European Central Bank Executive Board member Piero Cipollone said that wider stablecoin adoption could erode bank deposits during a gathering of Italian cooperative bankers.
This shift threatens the stability of the traditional financial system by siphoning retail funds away from commercial banks. If deposits continue to migrate toward private digital assets, banks may lose their primary source of funding and their central role in processing payments.
Cipollone spoke in Italy on July 17, 2026 [2], addressing the risks posed by the growth of stablecoins. He said that the expansion of these assets could drain retail deposits from banks, which would undermine the existing payments infrastructure.

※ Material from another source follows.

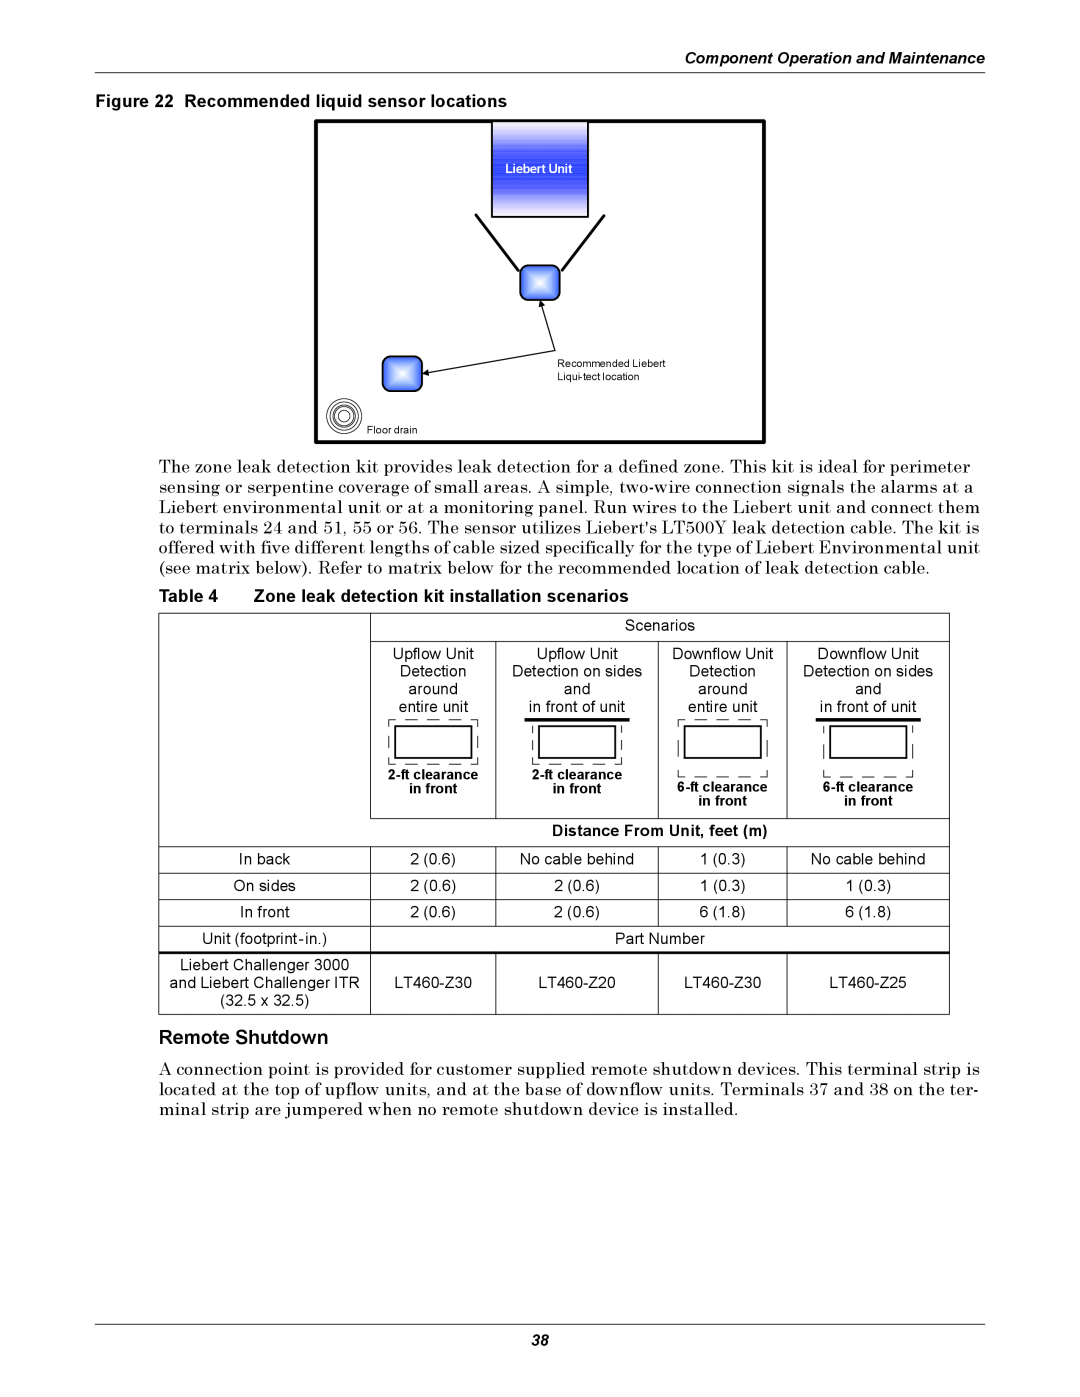 Emerson 3000/ITR manual Remote Shutdown, Recommended liquid sensor locations

To counter this trend, Cipollone said that the development of a digital euro is essential. He said the digital euro would ensure that banks remain at the center of the payments ecosystem, rather than being sidelined by private competitors.
The scale of the potential disruption is significant. Reports indicate that stablecoins pose a threat to roughly 300 million bank accounts [1]. This vulnerability stems from the ease with which users can move traditional currency into digital stablecoins, effectively removing liquidity from the banking sector.
By promoting a central bank digital currency, the ECB aims to provide a public alternative that offers the efficiency of digital assets without the systemic risks associated with private stablecoin issuers. Cipollone's comments highlight the ongoing tension between decentralized finance and the regulated banking frameworks of the eurozone.
“Stablecoins pose a threat to roughly 300 million bank accounts”
The ECB is positioning the digital euro not just as a technological upgrade, but as a defensive measure to protect the monetary transmission mechanism. If retail deposits migrate to stablecoins, commercial banks lose the low-cost funding necessary for lending, potentially slowing economic growth and increasing the influence of private entities over public monetary policy.